Remember to submit your lab notebook before your group meeting!

At this point you have performed an experiment which produced a measured value and an estimate of how well you know that value.

In the second part of this project, your group will investigate the relationship between the lateral displacement and the drop height. Each person in the group will measure the displacement for a different height, and these measurements will be combined into one data set for everyone in the group to use. In order for these measurements to be useful, you need to be certain that everyone is using the same procedure so that any one person's result could be reproduced by another member of the group.  

Your TA will lead a group discussion which should roughly cover the following points:

Are your individual measurements of lateral displacement for 60 cm in agreement? This is where your error analysis and uncertainty estimate comes into play as it provides an objective standard for determining how close two numbers have to be to be considered in agreement with one another.

If you are not all in agreement, what differences in methodology are there which might be causing your results to be different? This is where your notes on how you set up and performed your individual experiment come into play. You will have to compare details of how the measurements were made. Did some people hold the pieces of paper vertically before dropping while others held them horizontally? Did some in the group measure the displacement from the drop point to the nearest edge of the piece of paper while others were measuring to the far edge? Was someone's cat batting at the pieces of paper as they were falling? There are many small details which can cause two people's measurements to disagree. The more detailed and complete your notes on your experiment, the easier it will be to identify potential sources of discrepancy in the data.

What procedure will be used for the next set of measurements to ensure that all the data are consistent? Based on what you learn from the previous discussion, develop a detailed procedure that everyone will follow in the next part of the experiment.
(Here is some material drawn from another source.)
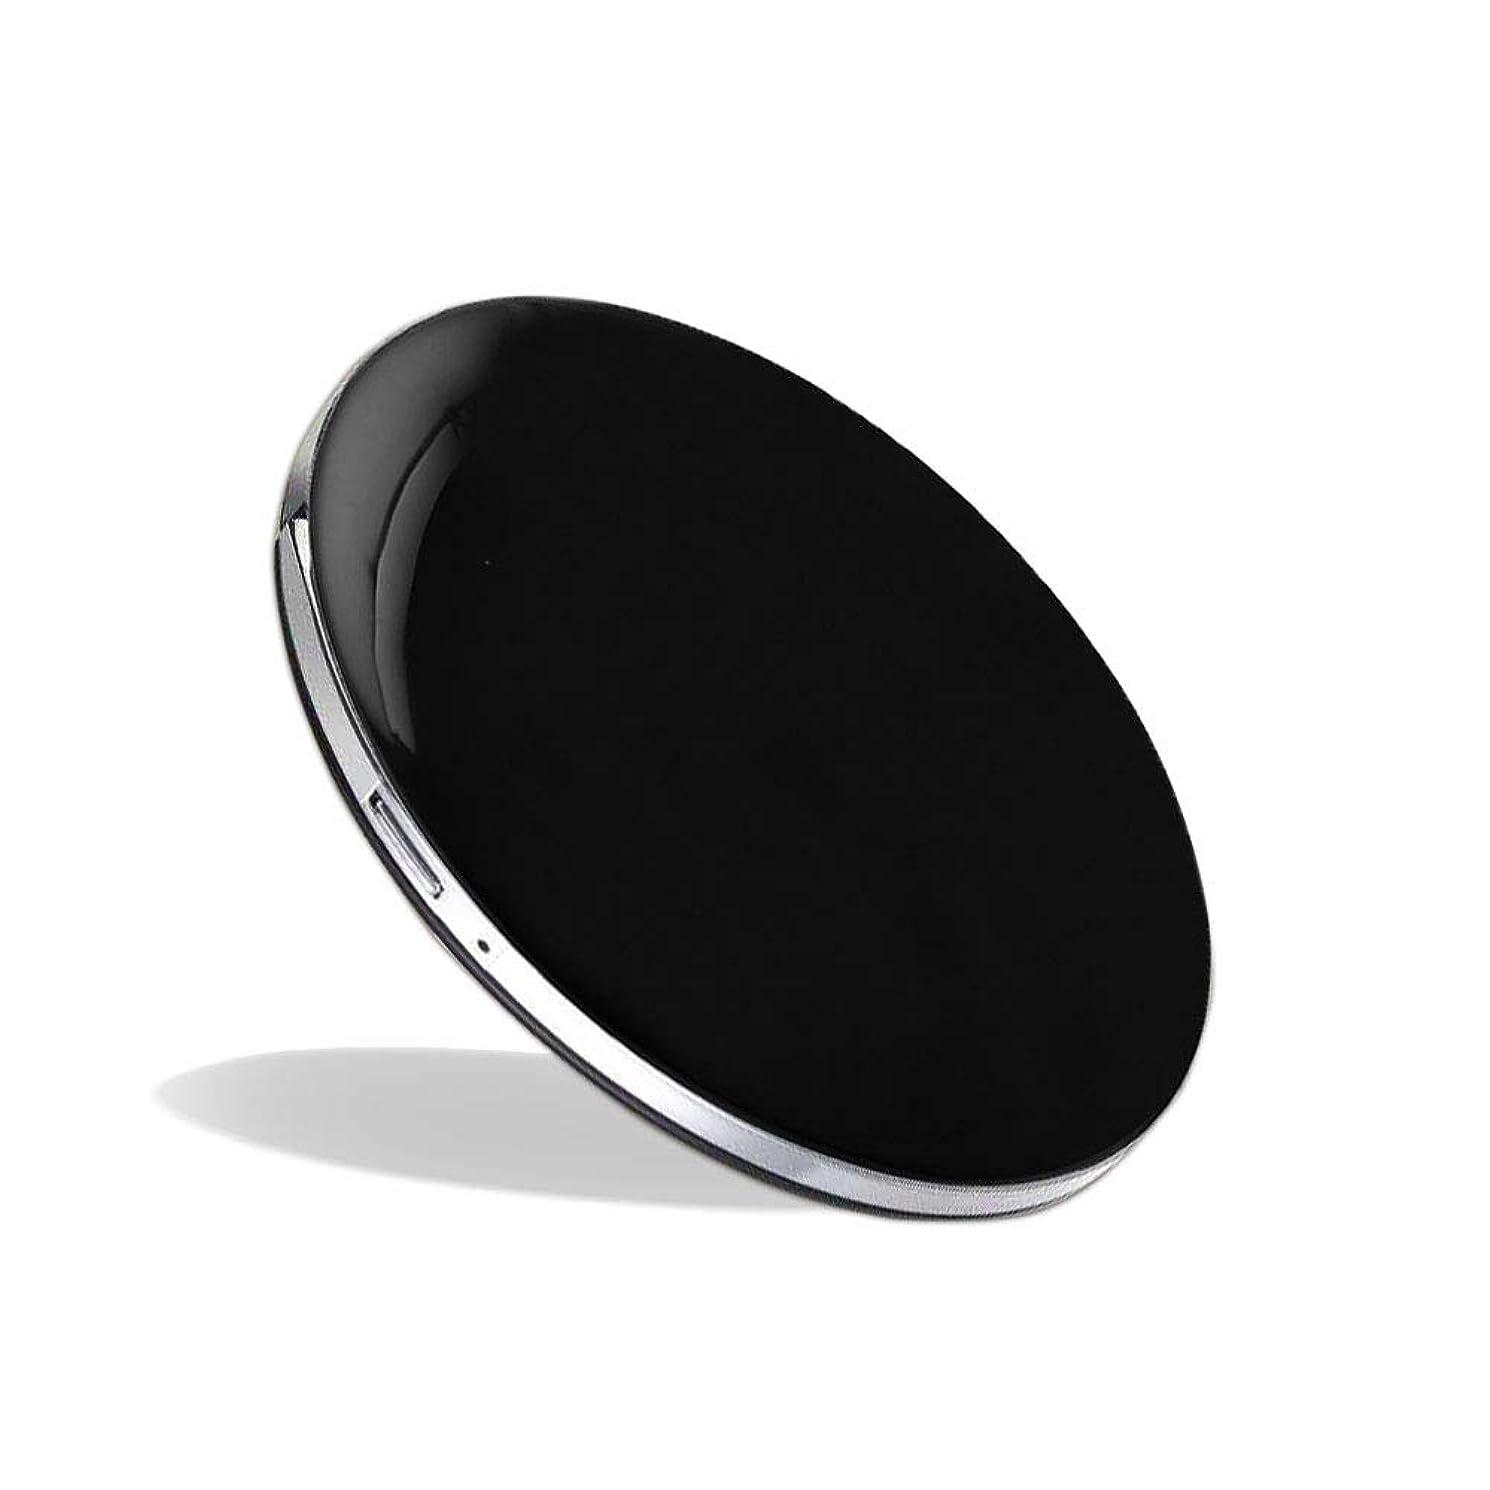 思い出させるアンビエント抱擁化粧鏡 LEDミラー コンパクトミラー ハンドミラー 円形ミラー 折りたたみ式 持ち運び便利 usb充電 軽量 3倍拡大鏡 明るさ調節可能 (ブラック)

These details need to be recorded in your lab notebook so that when you do take the data you can be sure you followed the proper procedure. Think about how you might confirm whether everyone's results are consistent.
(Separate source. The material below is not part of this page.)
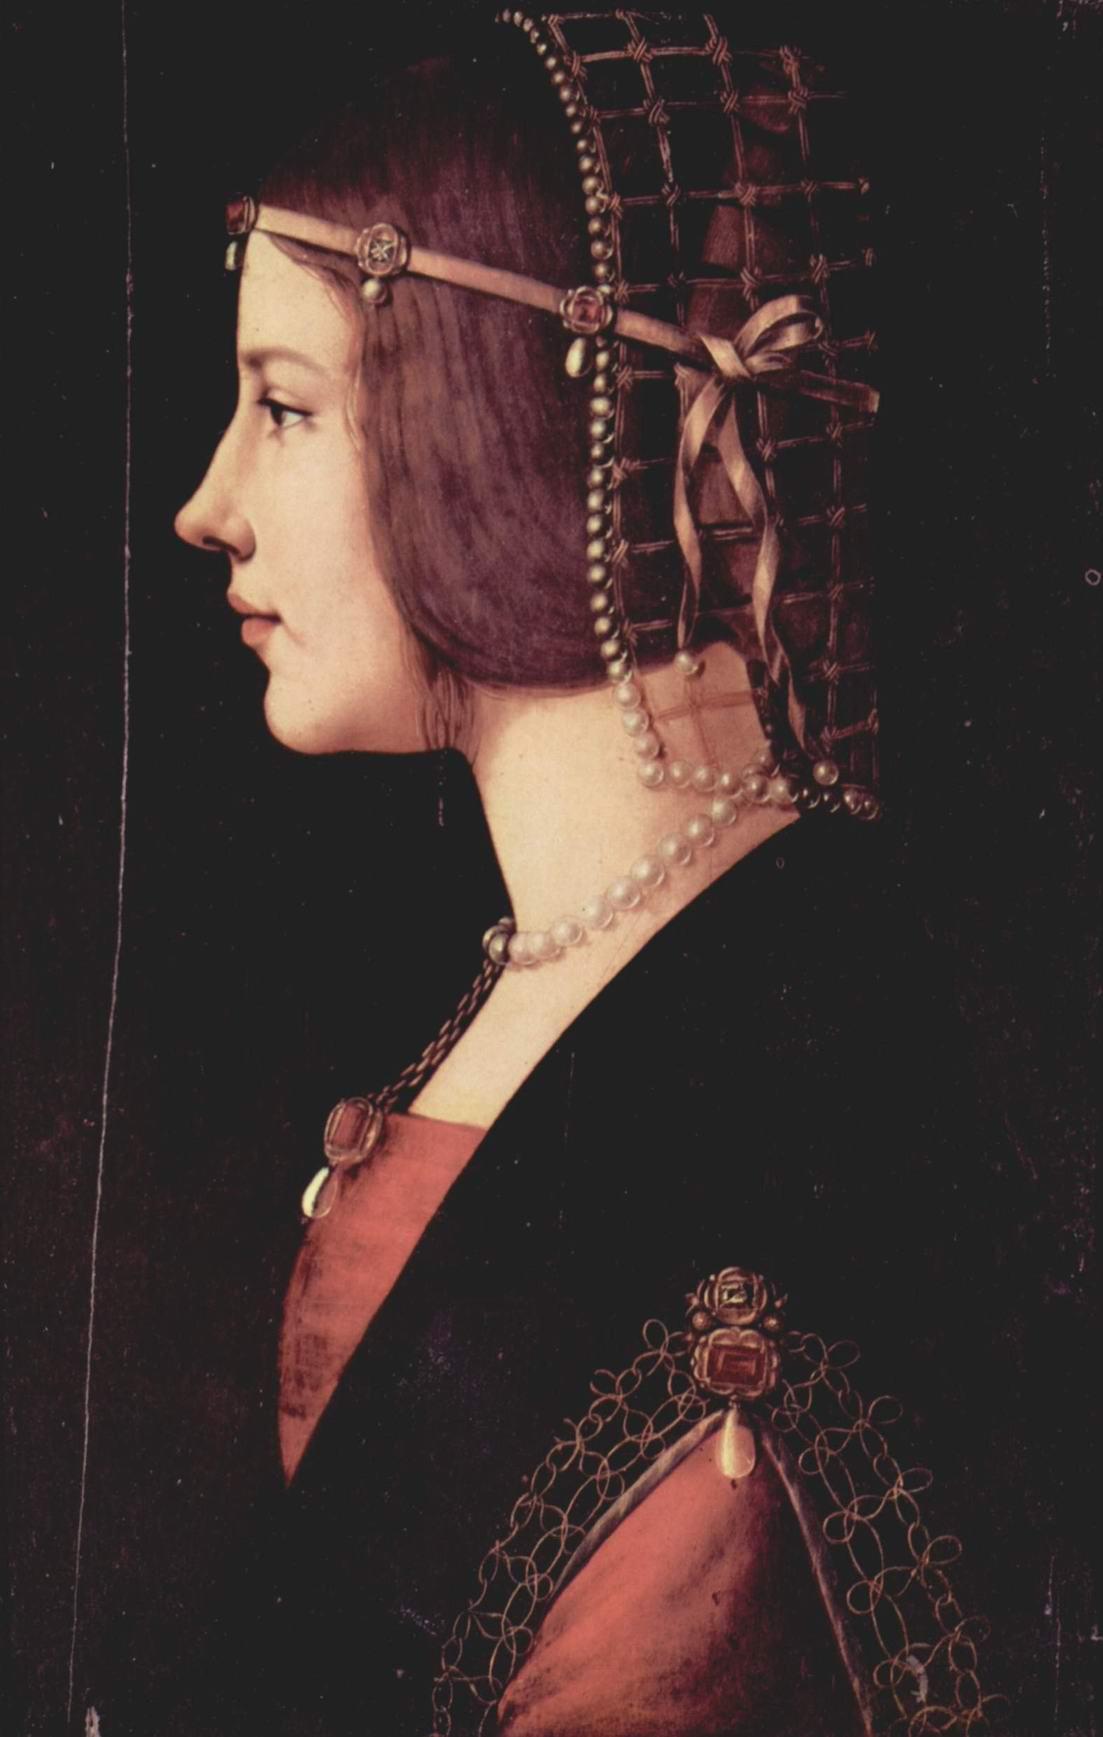 Из собрания шедевров мировой живописи... (822).jpg

This exercise is designed to illustrate how scientists work together to make independent measurements of the same phenomena with confidence that each team member is actually measuring the same thing.

NOTEBOOK: Take notes during your meeting. What did your group talk about? What results (from you or your groupmates) are important to keep in mind? What information did the TA provide to guide you? What did your group decide to do next in Part 2?

Part 2 – Group experiment

Do not begin on this part until AFTER  your first meeting with your group and TA.

Continue recording your notes and data in the same notebook document as before. (Only add to it. Do not delete or edit anything from Part 1. Do not start a new lab notebook.)

Performing the experiment

Using your notes from the previous meeting, perform your measurements. Follow the agreed-upon procedure as closely and carefully as you can, recording notes on what you did and how you did it. Compute your mean values, standard deviations, and standard errors. Keep in mind that at your next group meeting your data will be combined with the rest of the group's data to form one data set for analysis.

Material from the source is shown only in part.